◆ Work item
This exercise calls for the line with "Golden Medal Png", the line with "Dossiers du Personnel", and all lines between them in the material below, output exactly and with no other lines.

◆ Source information
•••
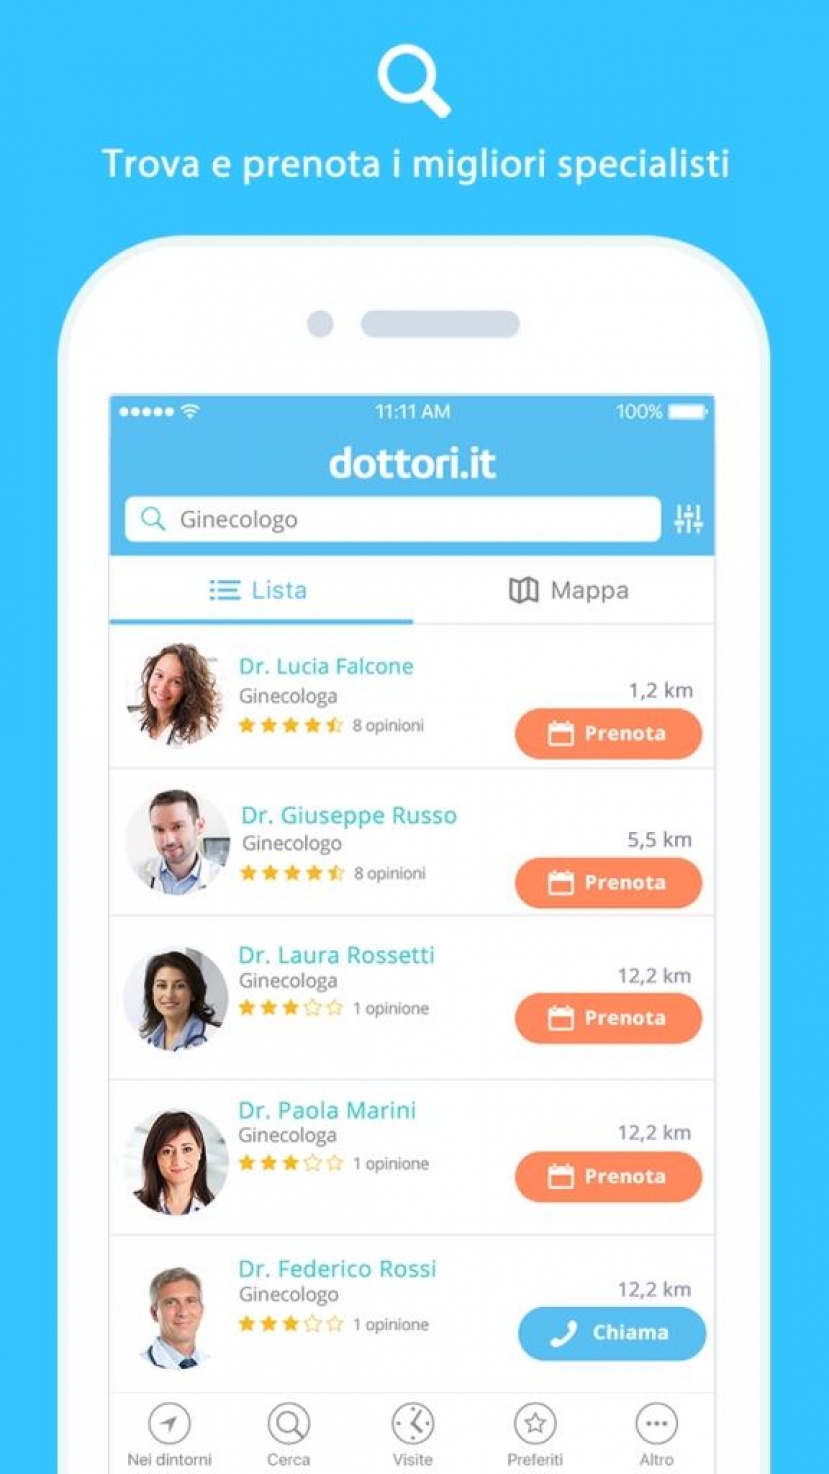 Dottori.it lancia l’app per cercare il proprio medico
•••
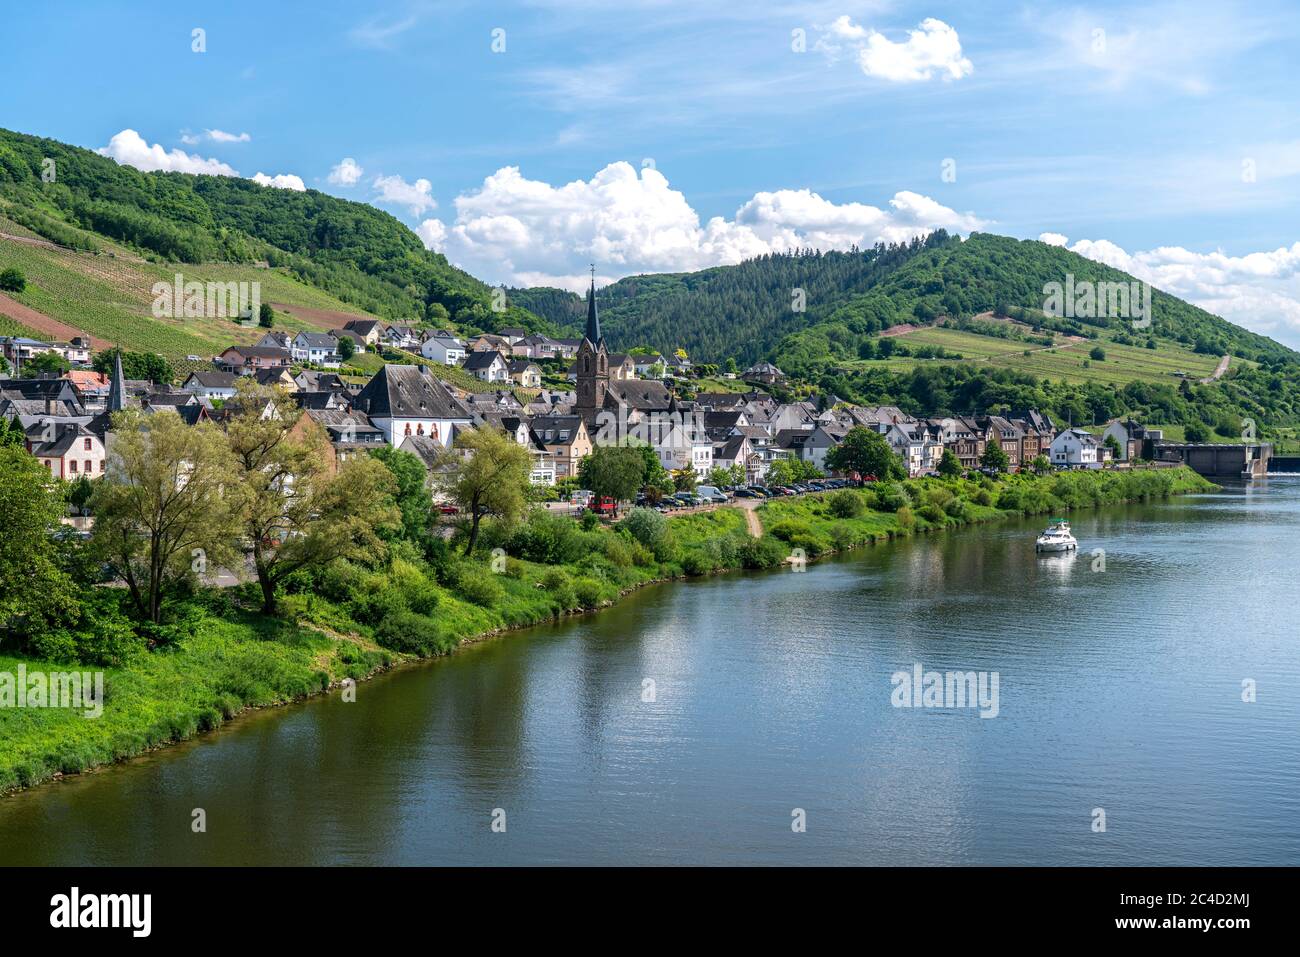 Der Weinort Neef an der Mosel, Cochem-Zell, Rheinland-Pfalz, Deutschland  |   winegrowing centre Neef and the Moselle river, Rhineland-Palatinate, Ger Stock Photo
•••
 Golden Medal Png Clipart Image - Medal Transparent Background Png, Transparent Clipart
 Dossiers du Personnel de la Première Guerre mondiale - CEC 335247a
•••
◆ Solution
 Golden Medal Png Clipart Image - Medal Transparent Background Png, Transparent Clipart
 Dossiers du Personnel de la Première Guerre mondiale - CEC 335247a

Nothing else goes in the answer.